#### GIVEN MATERIAL

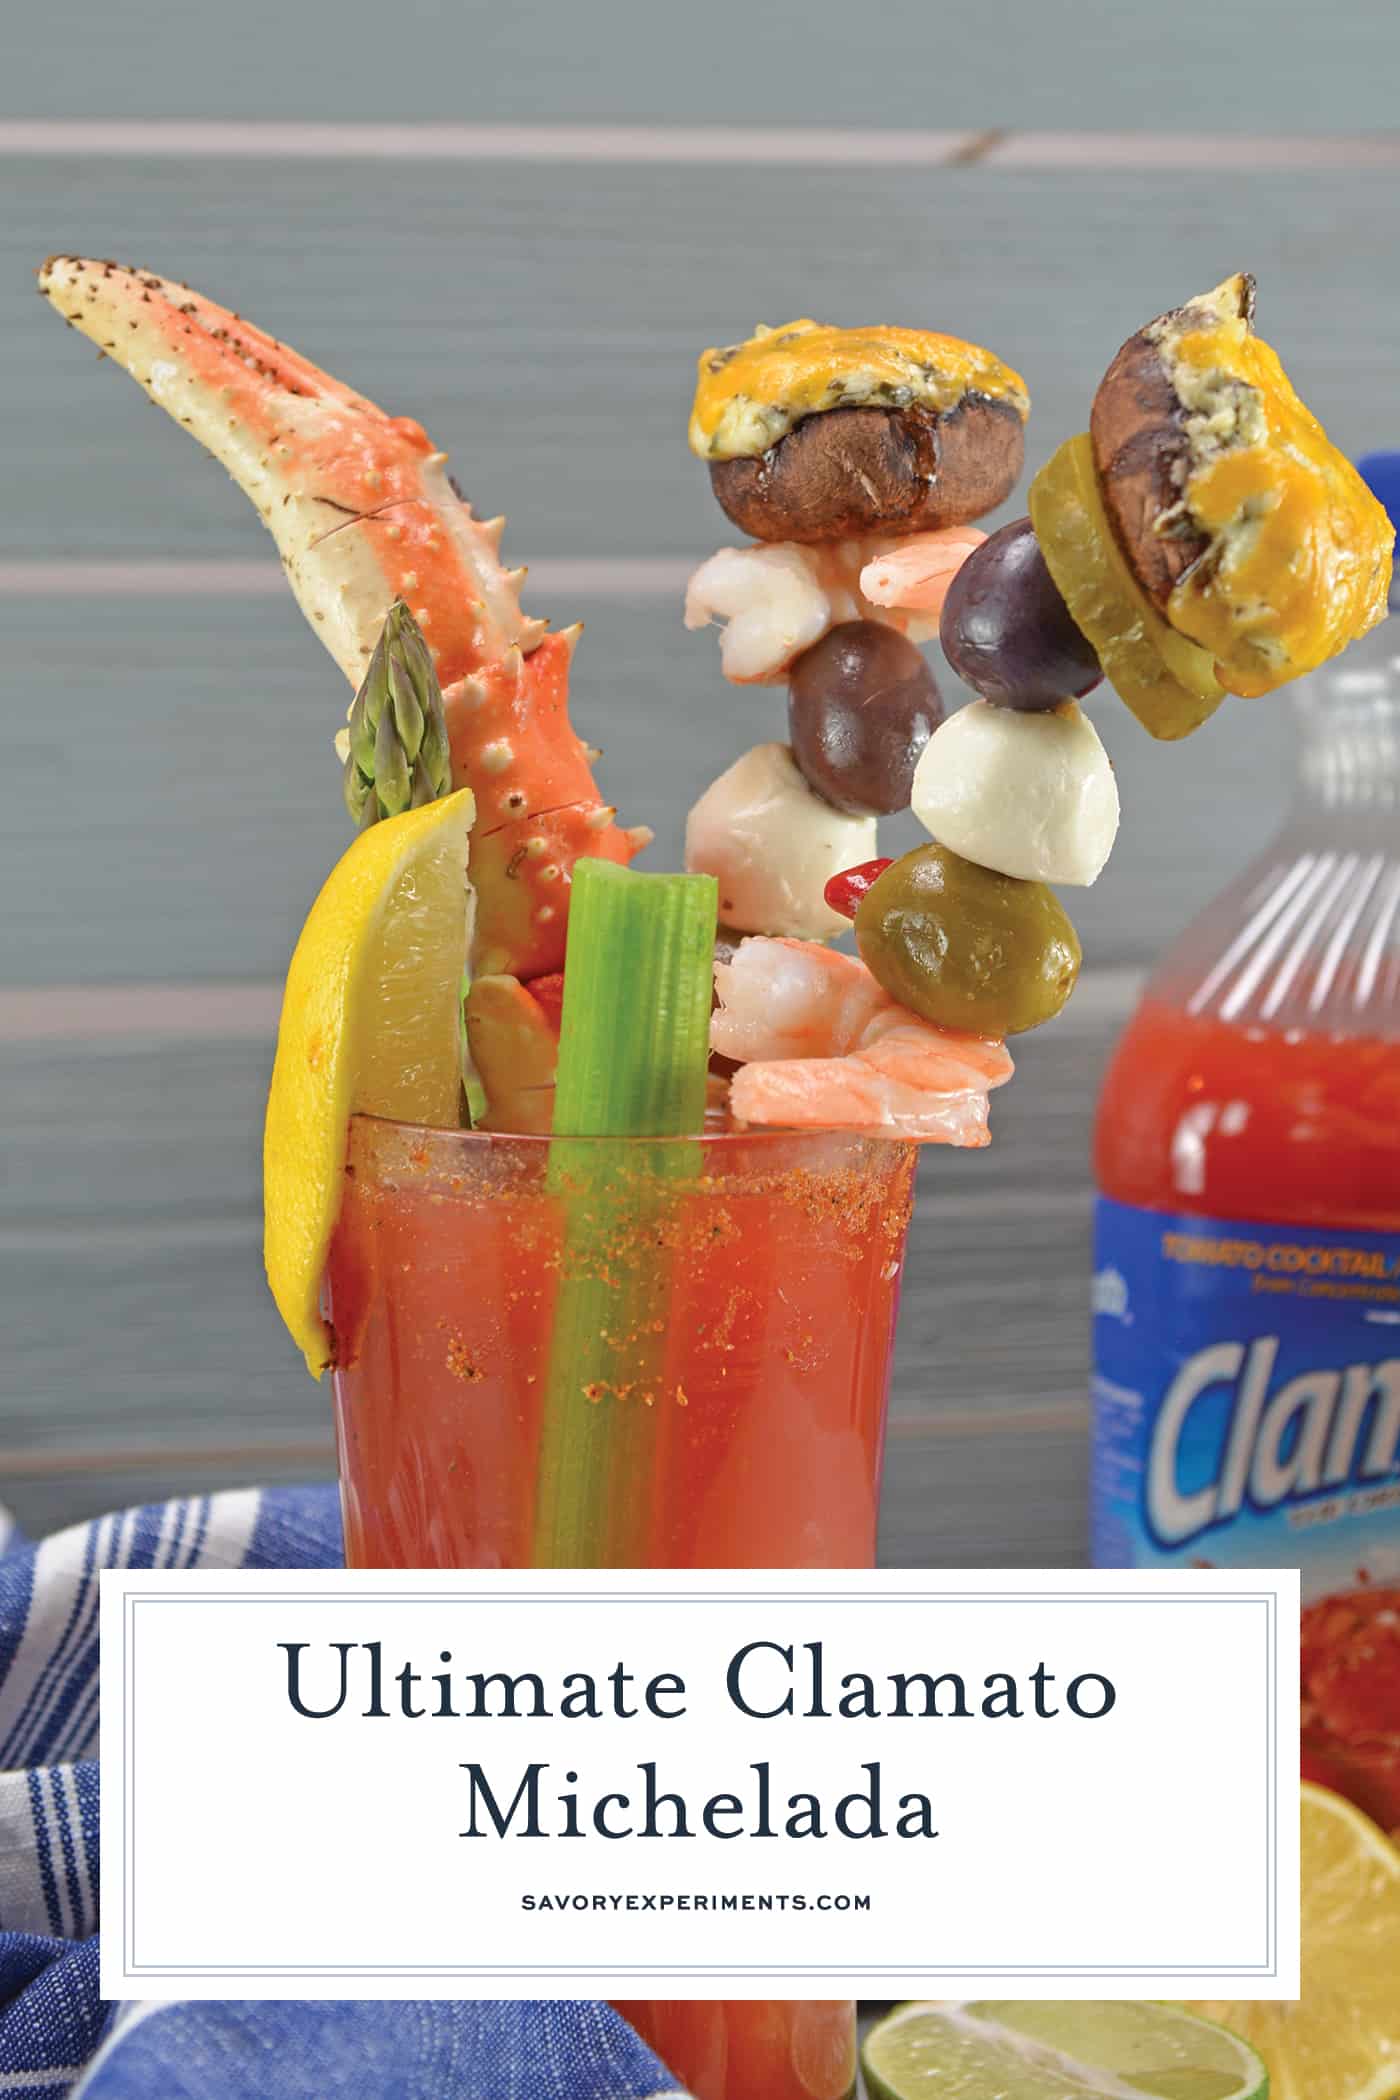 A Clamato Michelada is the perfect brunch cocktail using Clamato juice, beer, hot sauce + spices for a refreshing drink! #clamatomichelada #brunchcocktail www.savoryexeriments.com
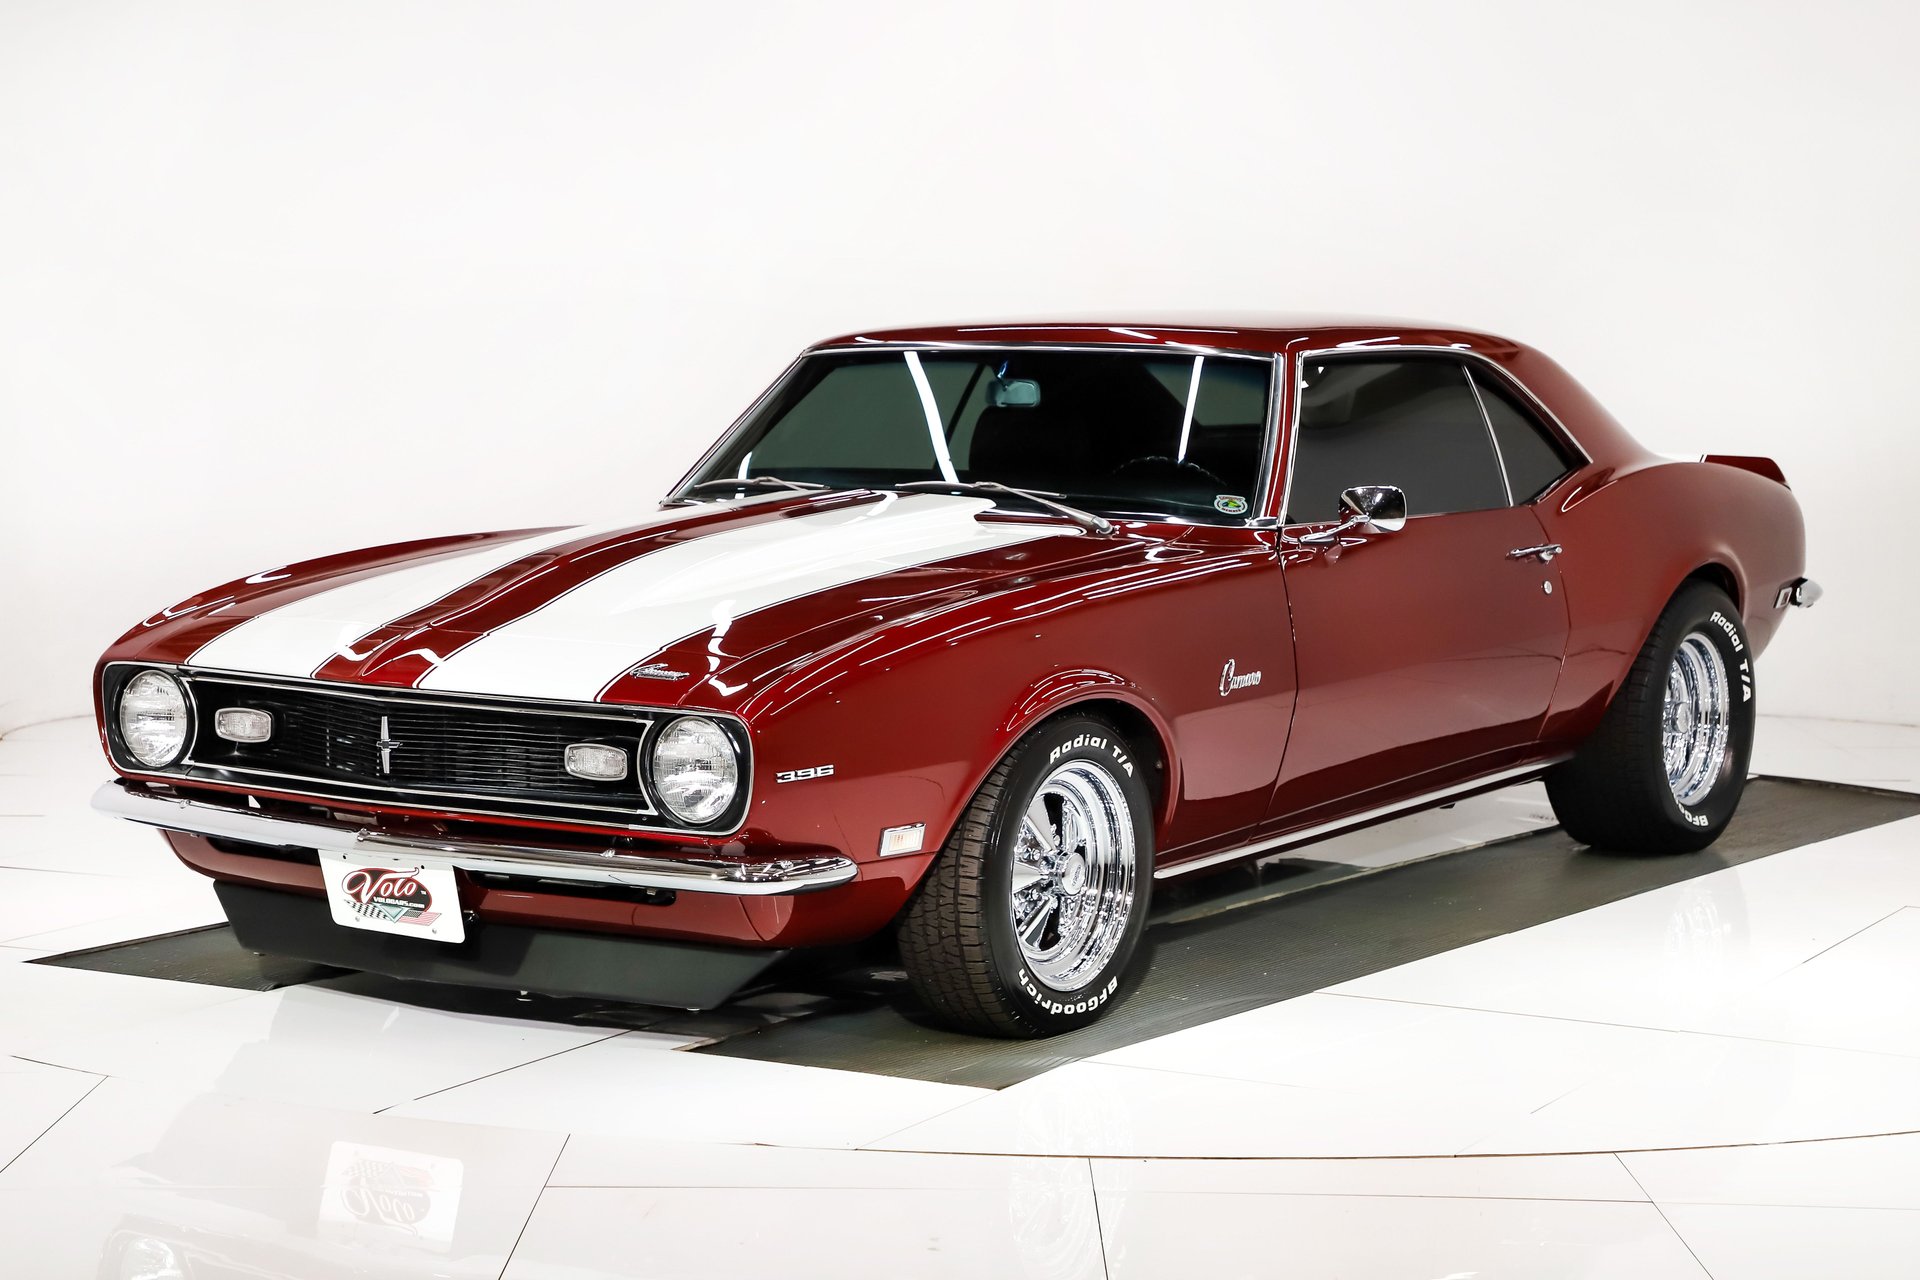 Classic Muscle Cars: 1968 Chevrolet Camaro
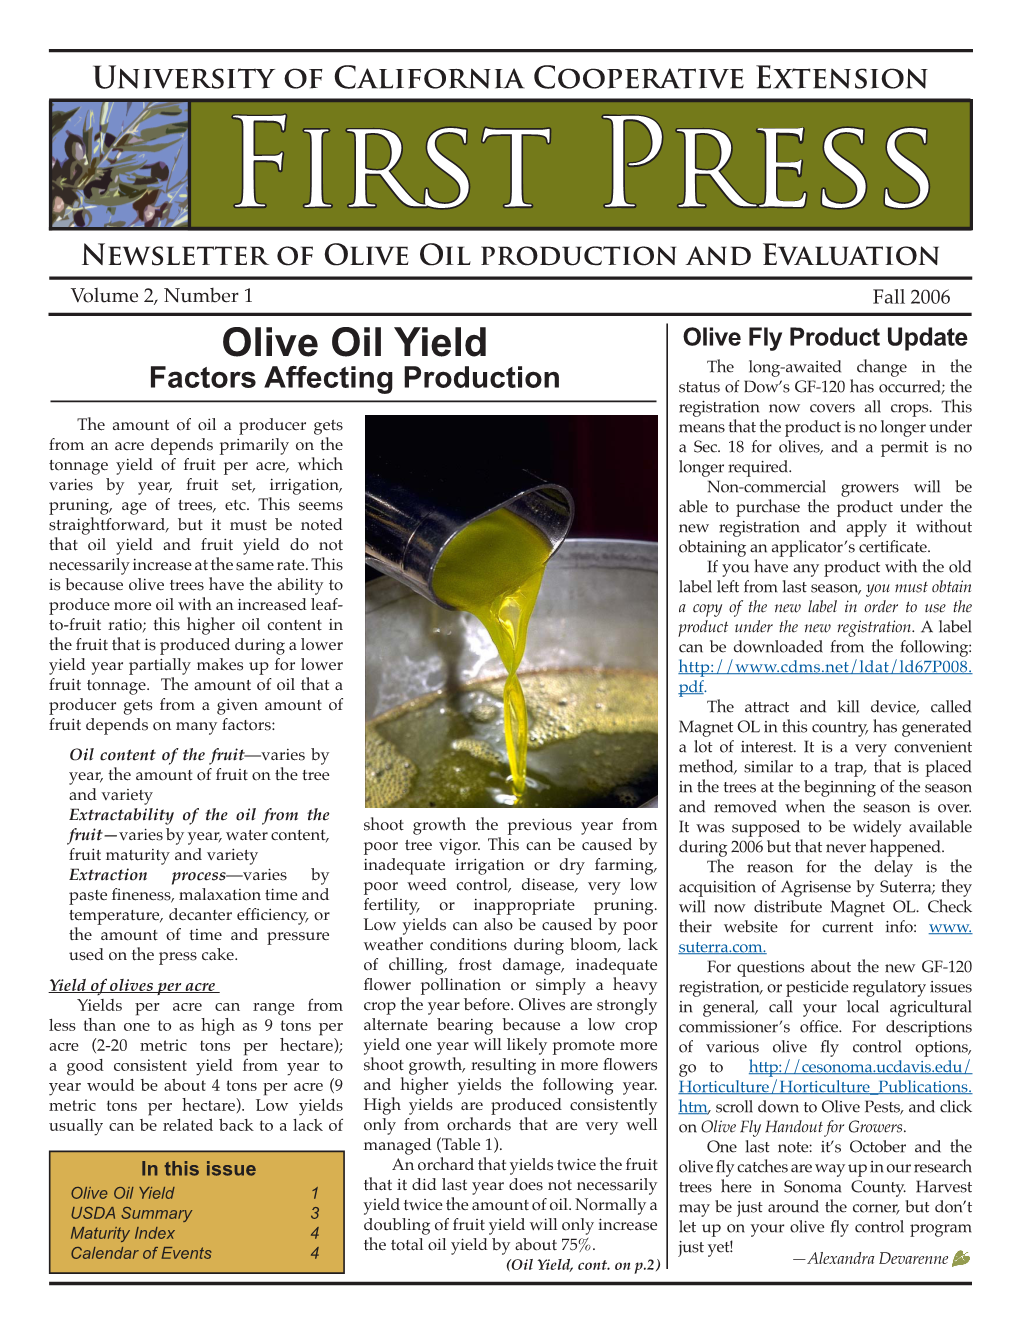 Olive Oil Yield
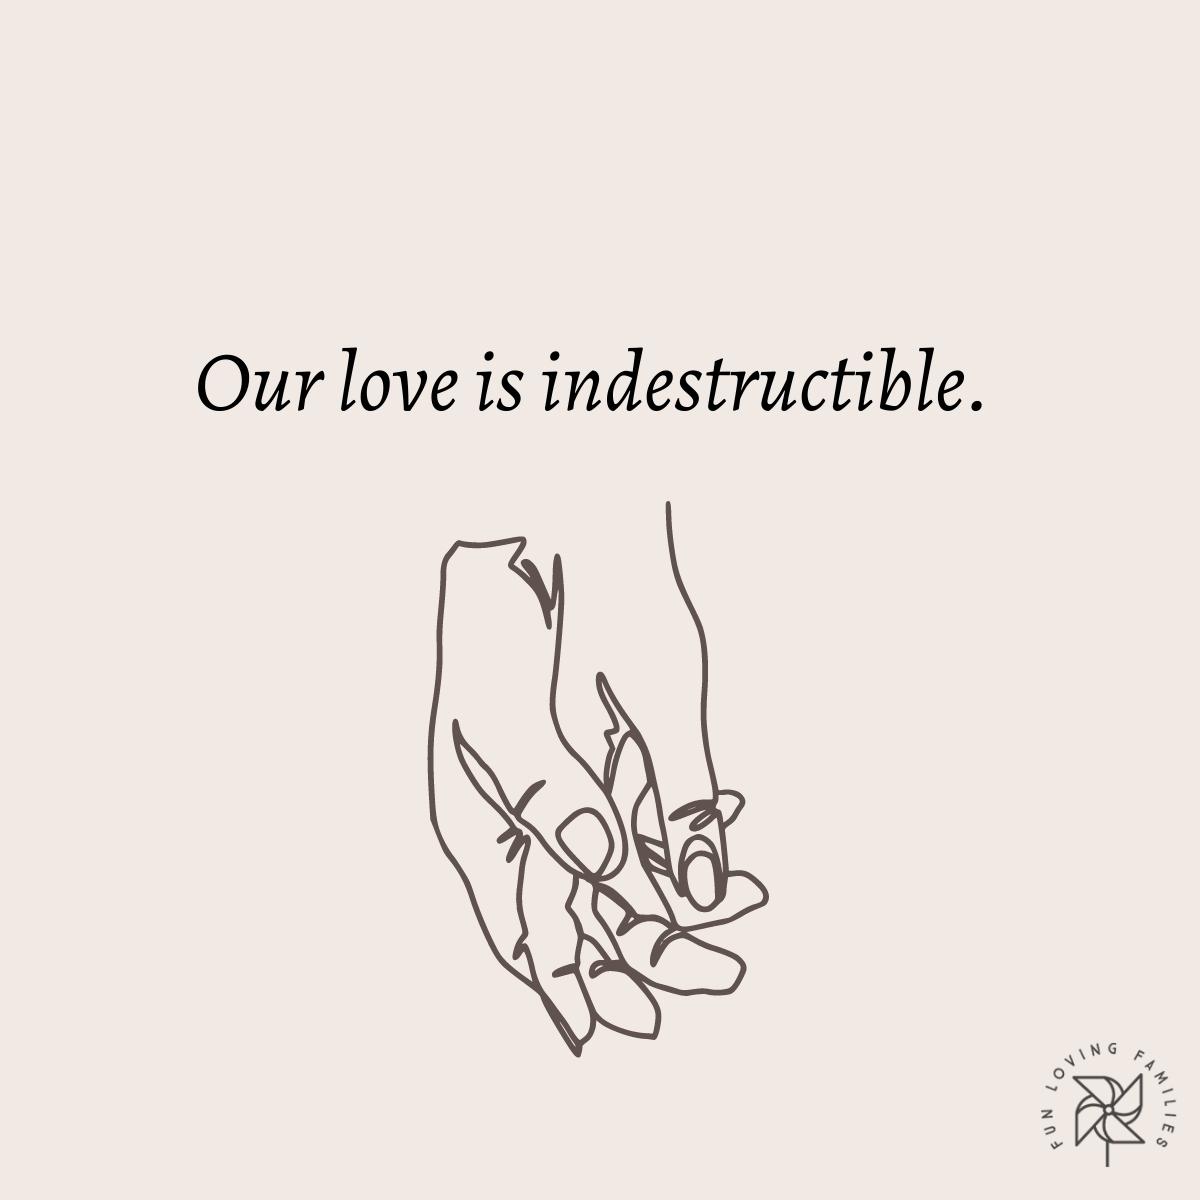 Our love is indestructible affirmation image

########

* [YOUR GOAL]: Each line from the one with "Olive Oil Yield" to the last line of the listing should be returned exactly, both ends included, and no picture with them.

* [SOLUTION TO THIS TASK]:
 Olive Oil Yield
 Our love is indestructible affirmation image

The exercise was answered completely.